Work required: Give the whole listing below once more, exactly, without pictures.

The data:
##############################

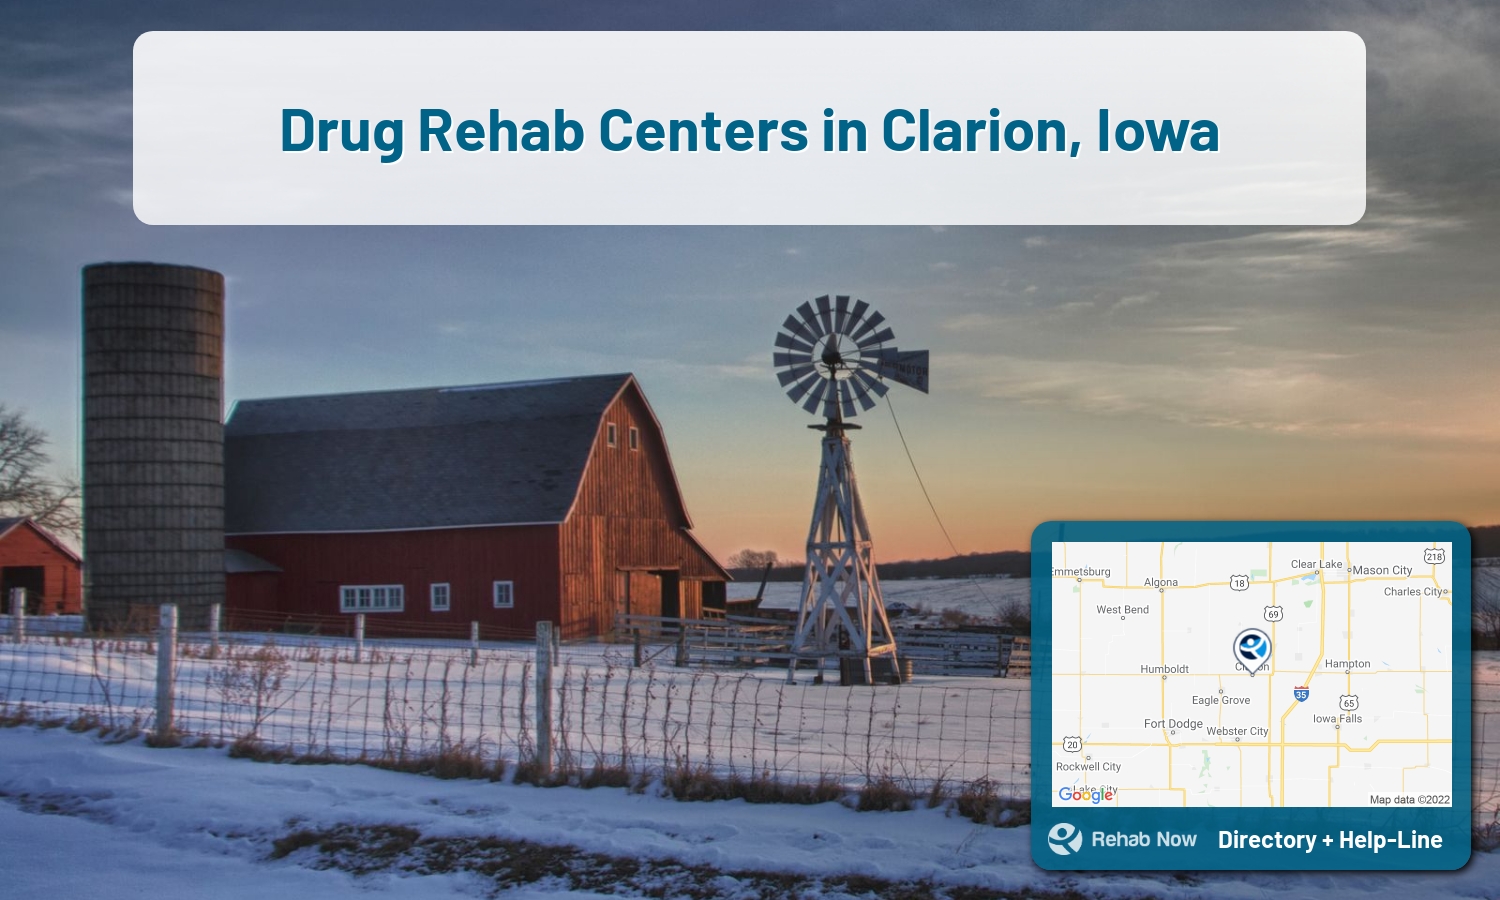 List of alcohol and drug treatment centers near you in Clarion, Iowa. Research certifications, programs, methods, pricing, and more.
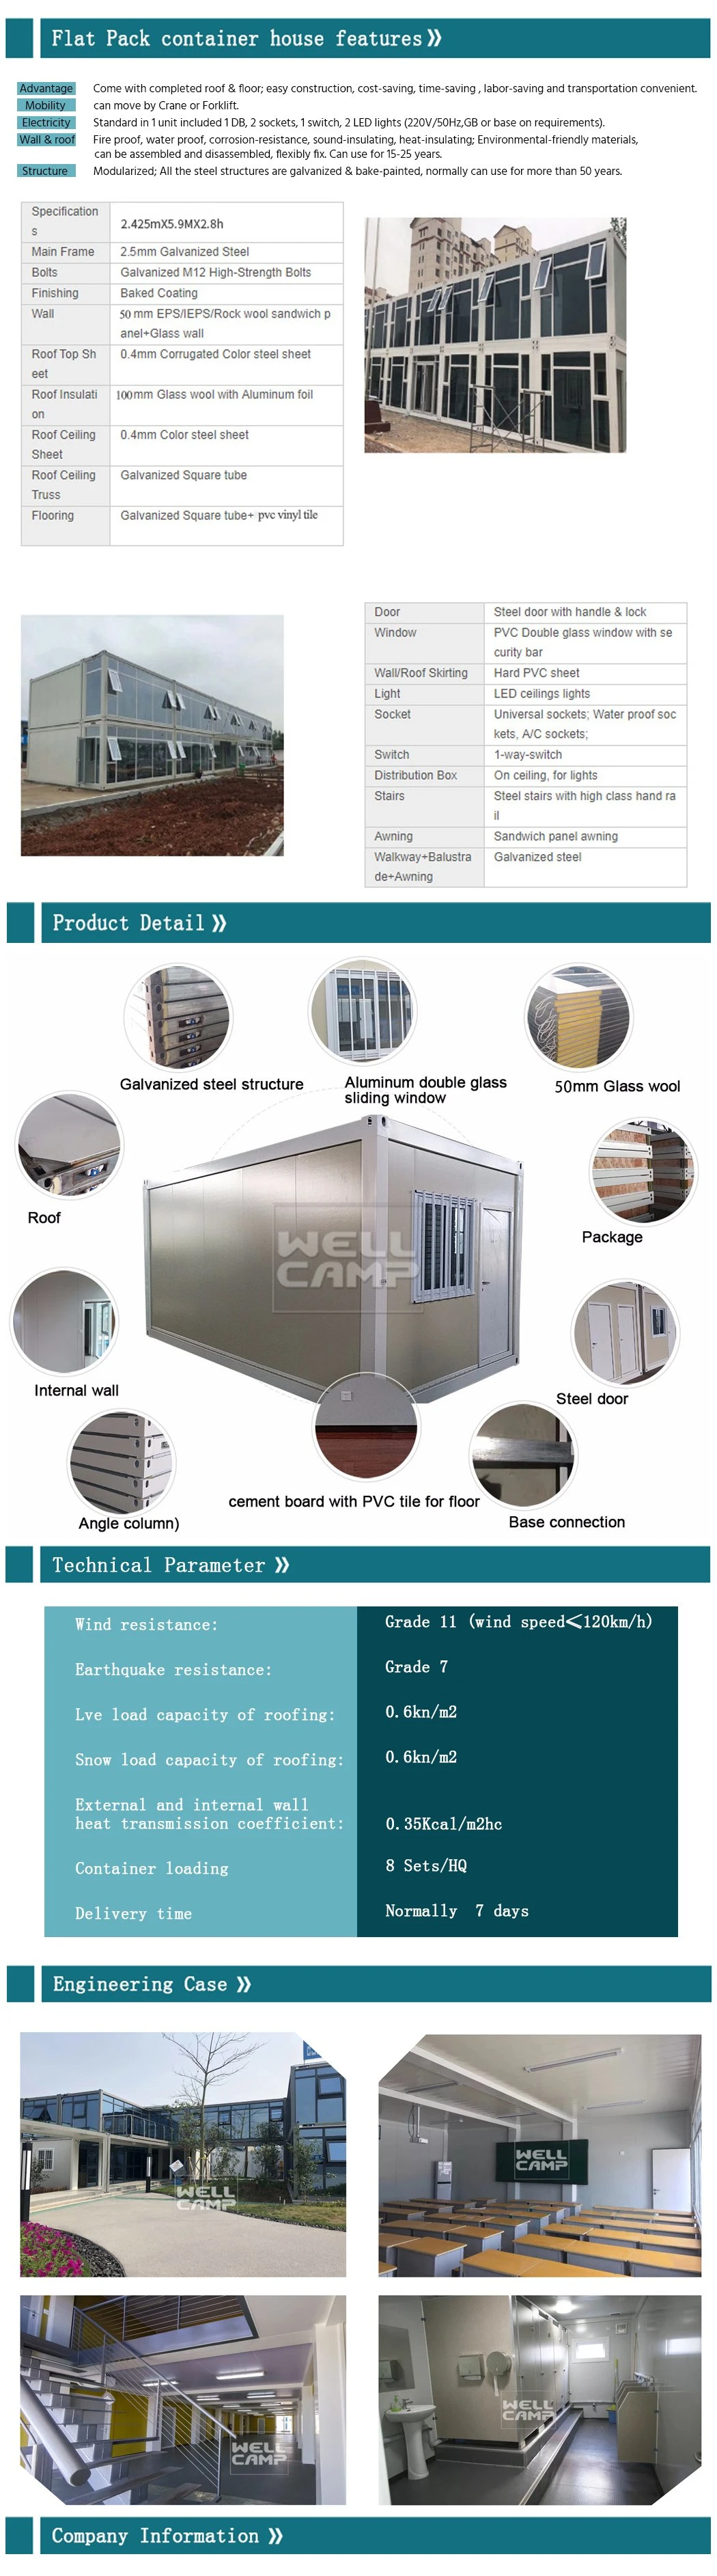 Labor Camp/ Shipping Container Prefab Flat Pack Container
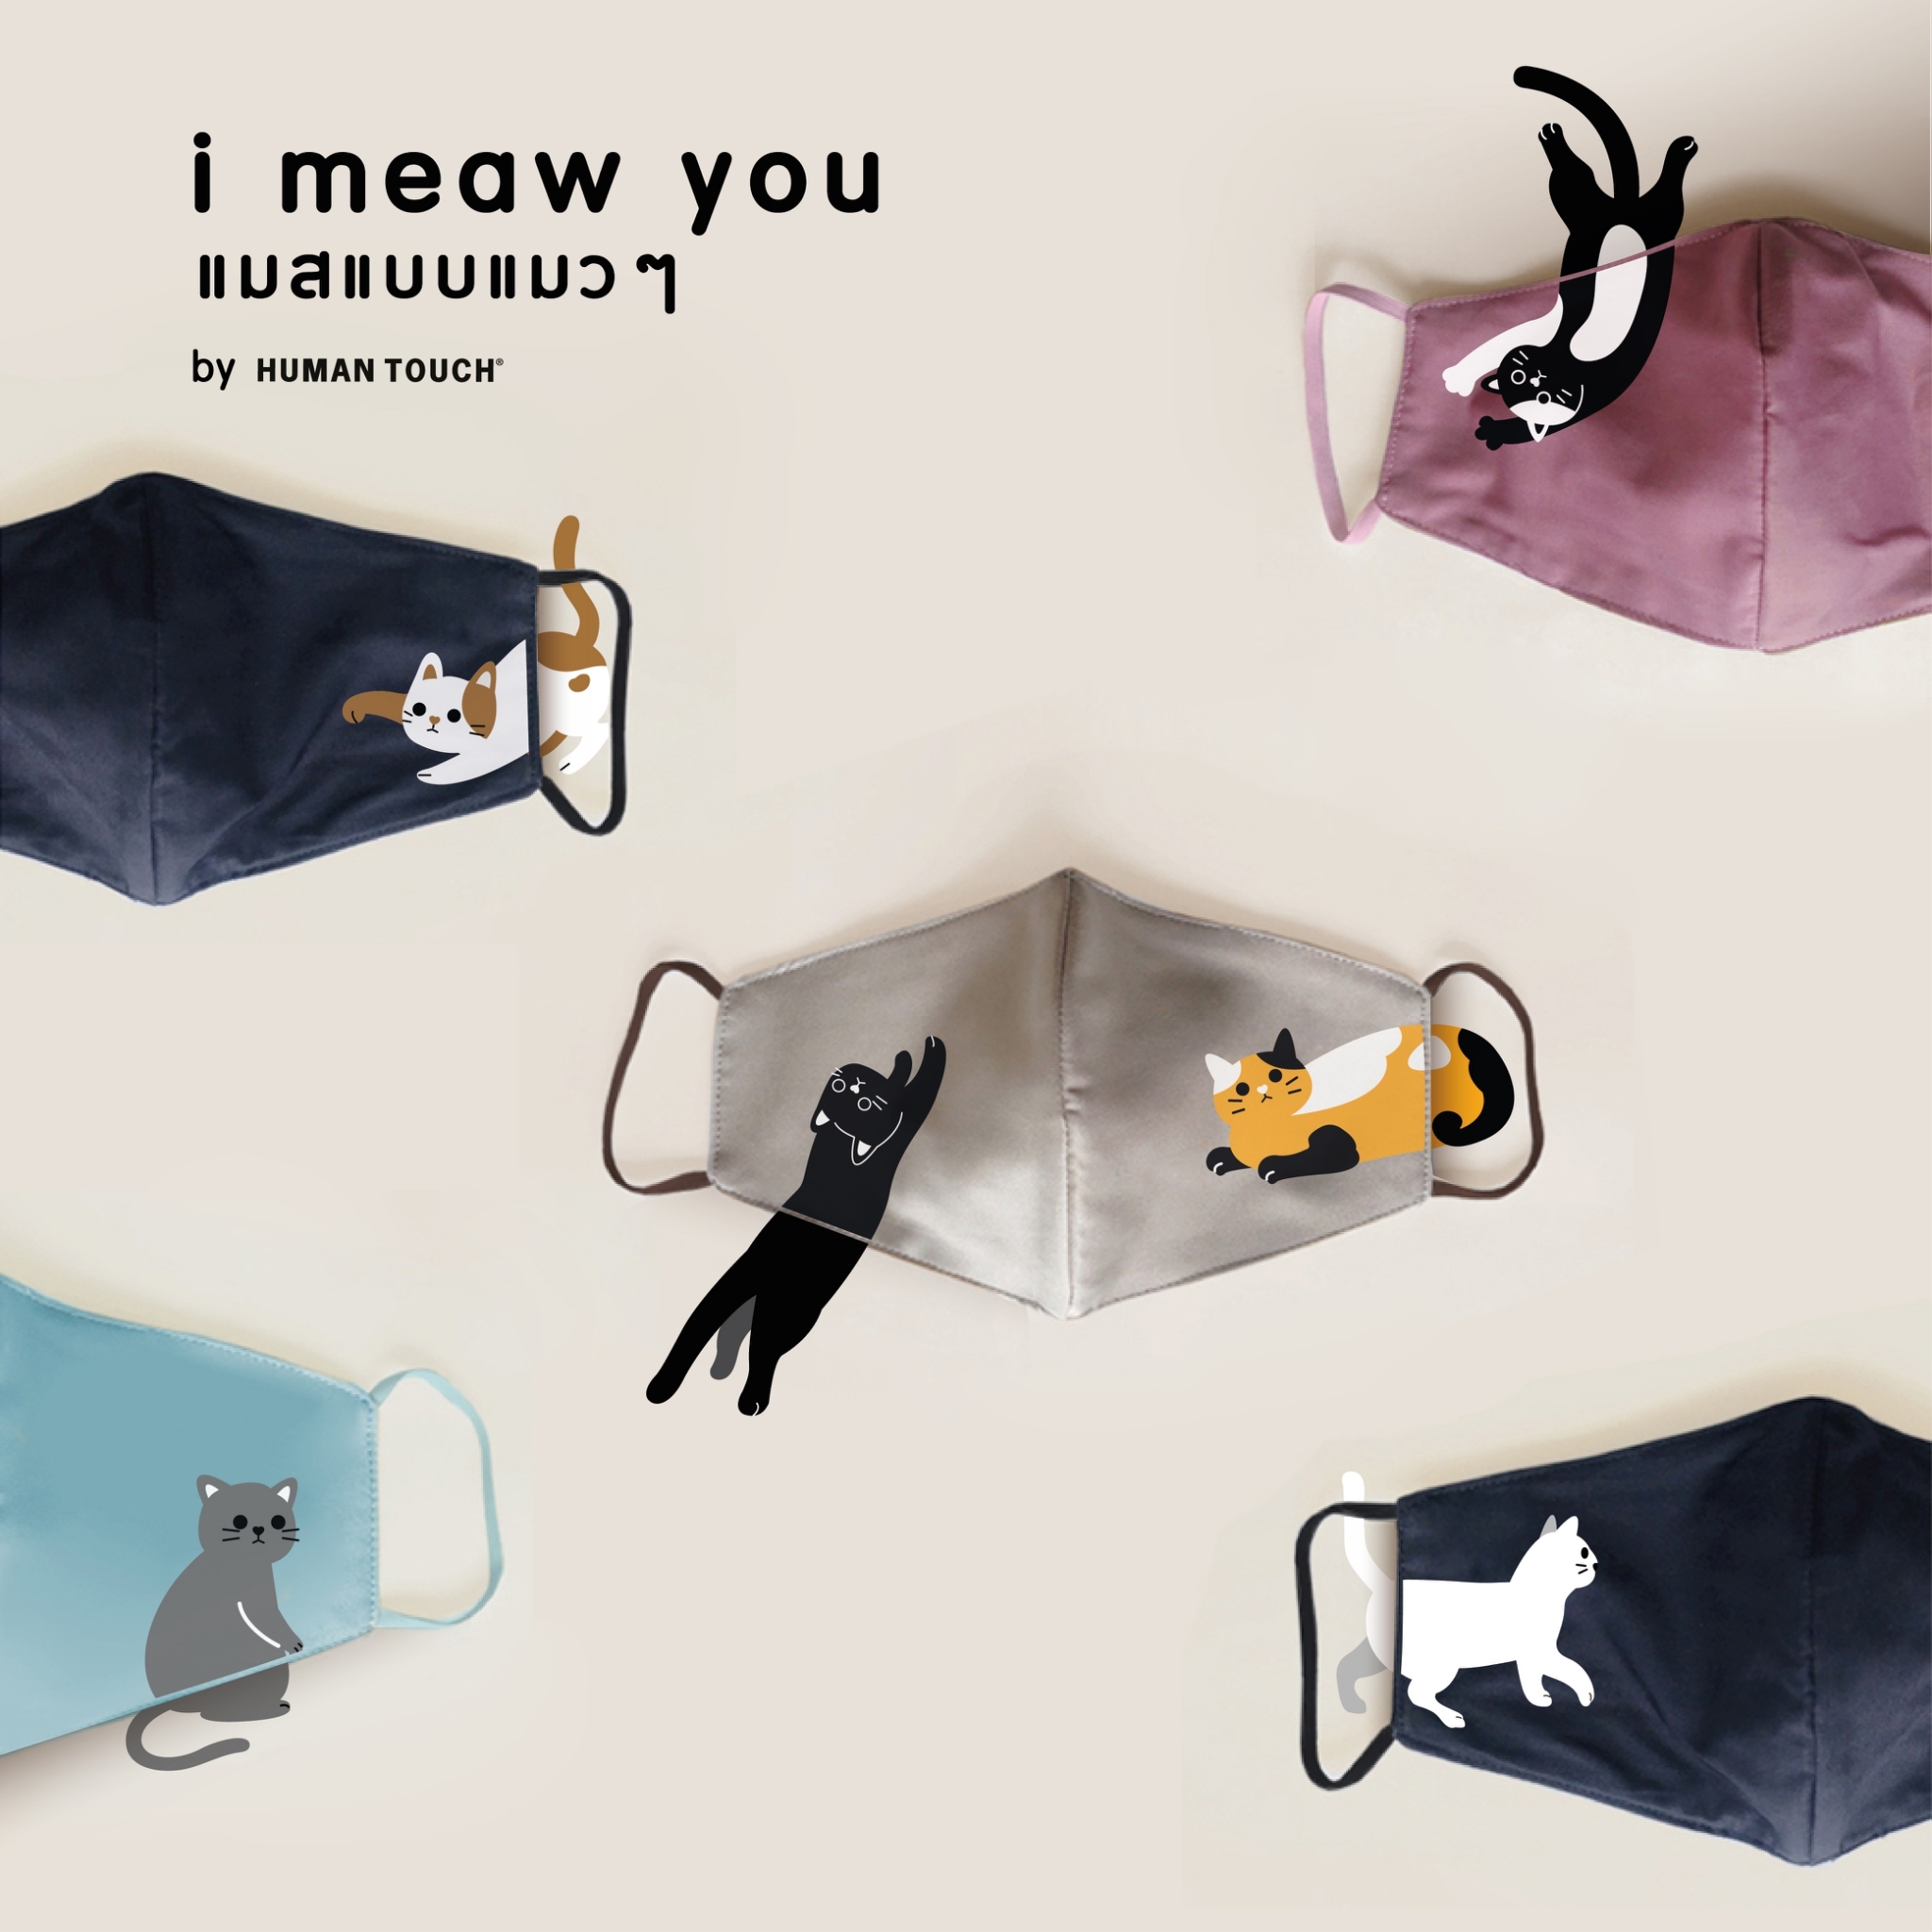 “I Meow You: Cute and adorable cat mask”

##############################

Result:
 List of alcohol and drug treatment centers near you in Clarion, Iowa. Research certifications, programs, methods, pricing, and more.
 Labor Camp/ Shipping Container Prefab Flat Pack Container
 “I Meow You: Cute and adorable cat mask”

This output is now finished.